The laser scanning method is difficult to obtain high speed printing due to the low switching speed of the laser diode 10 and the scanning speed of the polygon mirror 13.

That is, in order to increase the scanning speed of the light beam, the polygon mirror 13 should be rotated by using a higher speed motor. In this case, the high speed motor is expensive and the high speed motor causes heat, vibration and noise. Therefore, there is a problem such as lowering the operation reliability, it is not expected to greatly increase the scanning speed.

Another method of improving the speed of the optical scanning device is an image head printing method using a multi-beam type beam forming apparatus.

Such a multi-beam optical scanning device has a plurality of light emitters (laser apex) as a light source means, and a plurality of light beams emitted by the plurality of light emitters by means of an imaging lens via an optical reflector. By imaging, the recording medium surface is simultaneously optically scanned with a plurality of light spots formed on the recording medium surface.

In order to achieve high speed printing using only one light spot, the number of optical scanning of the recording medium surface per unit time should be very large, so that the rotational speed of the light reflector, image clock, etc. Optical scanning cannot be followed. Therefore, if the number of beam spots simultaneously scanning the recording medium surface increases, the rotational speed, image clock, etc. of the light reflector decreases in inverse proportion to the number of beam spots.

As the most effective method of forming a plurality of beam spots, a laser element serving as a light source has a plurality of light emitting points (light emitting portions) that can be driven independently.

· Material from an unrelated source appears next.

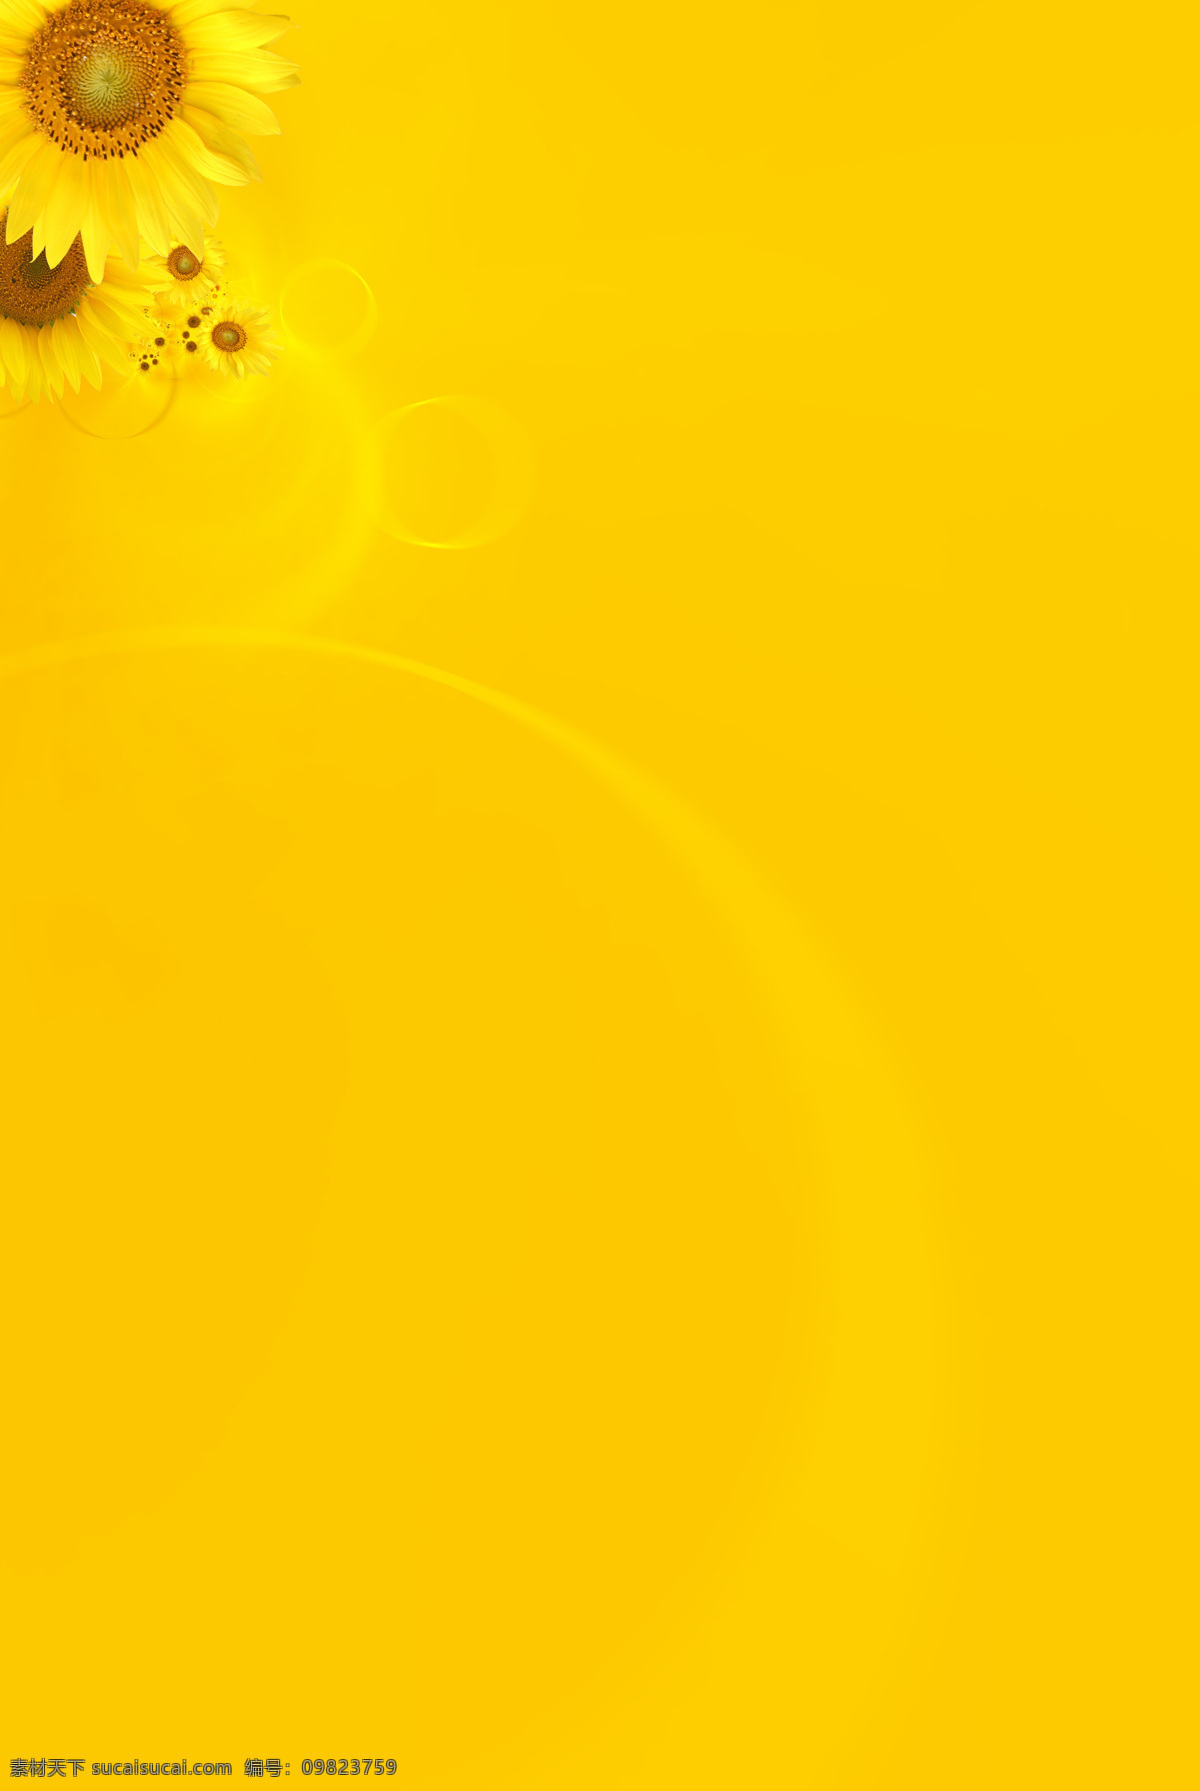 向日葵 黄色 背景 向阳花 黄色背景 黄色底图 底纹 信纸 设计类 背景底纹 底纹边框

Such laser devices having a plurality of light emission points are generally referred to as "monolithic multi-beam laser elements". When monolithic multi-beam laser elements are used, the various optical elements placed behind the light source can usually be used by multiple beams of rays, providing great advantages in cost, operation, control, and the like.

2 is a diagram illustrating a conventional laser scanning method for performing laser scanning by a multi-beam formed by an LED array configured in an image head.

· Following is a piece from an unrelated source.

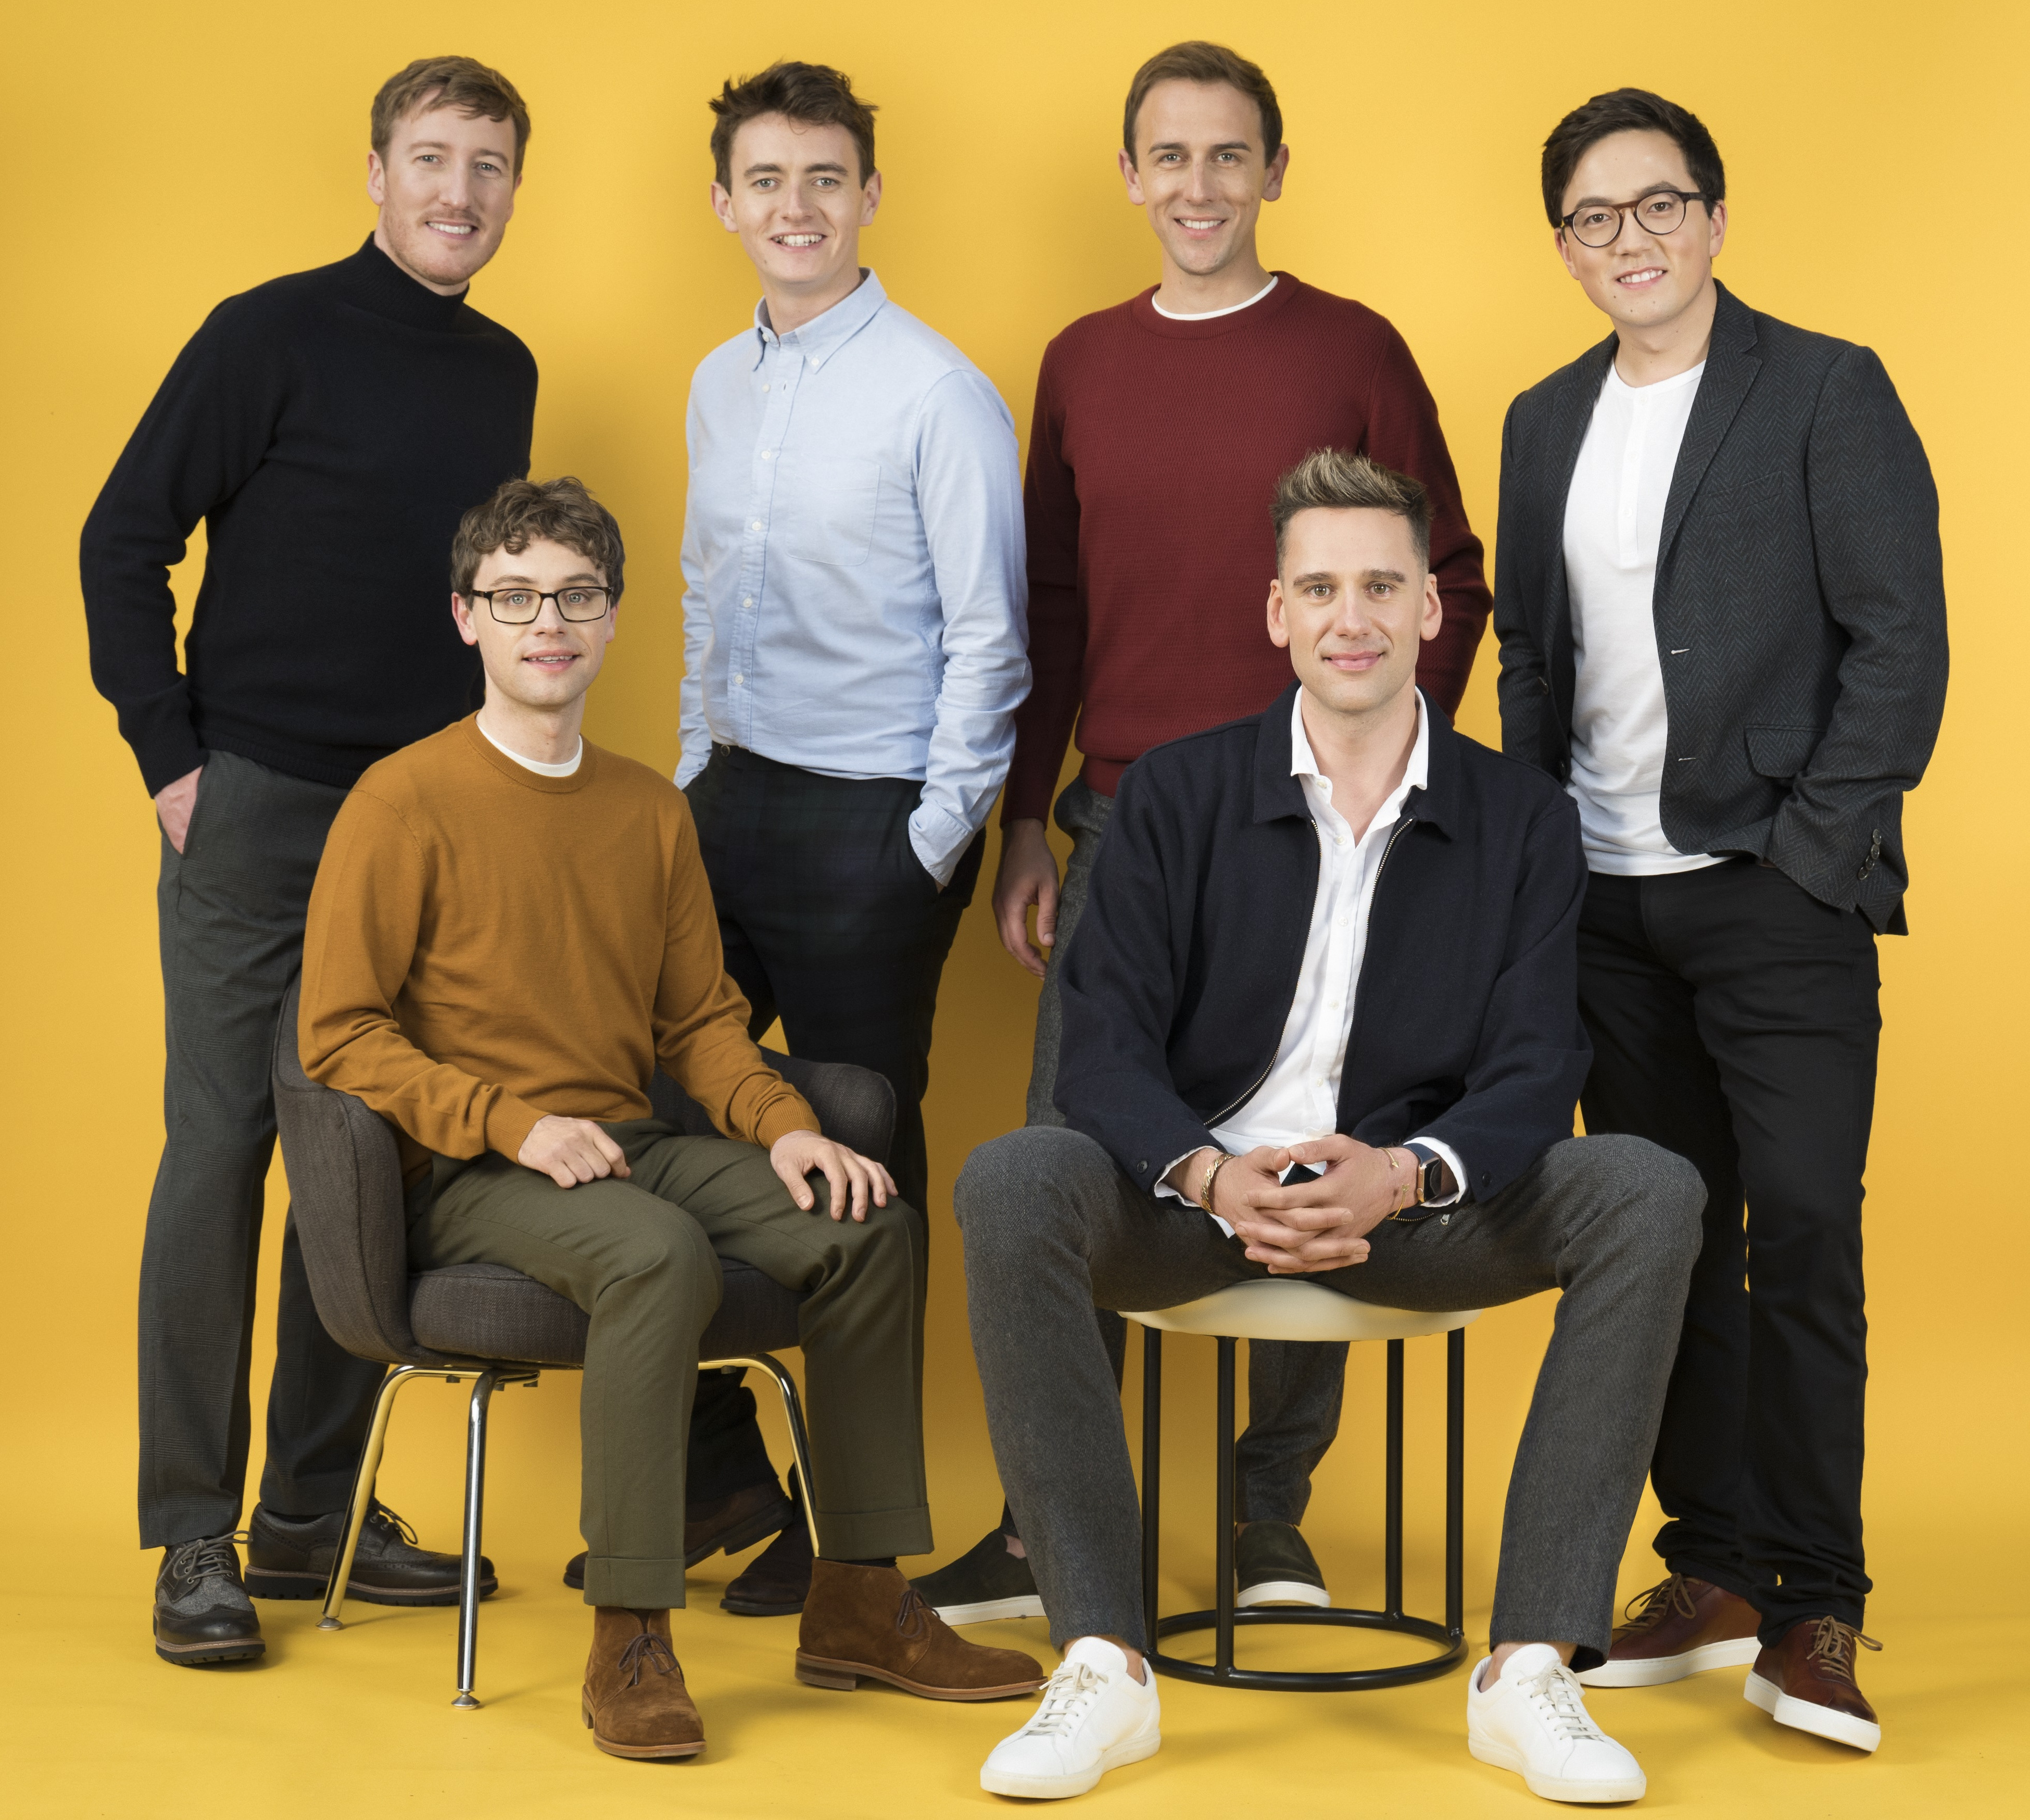 Sechs junge Männer in casual Business-Kleidung vor gelbem Hintergrund

Referring to FIG. 2, a multi-beam is formed by forming a large amount of LED array 21 to fill printing paper in the image head 20, so that unlike a laser scanning method, a polygon mirror and a f-θ lens are not used. By printing one line at a time at the same time, print speed can be significantly improved.

Such monolithic multi-beam laser elements include, for example, so-called surface emitting lasers (surface emitting semiconductor lasers).

Surface emitting lasers emit emission beams parallel to the thickness direction of the silicon layer, whereas conventional semiconductor lasers emit light beams in a direction perpendicular to the thickness direction of the silicon layer.

The surface emitting laser has the following characteristics. That is, conventional semiconductor lasers emit elliptical cross-sections and emit divergent rays of varying divergence angles, while surface emitting lasers can emit circular beams with stable divergence angles.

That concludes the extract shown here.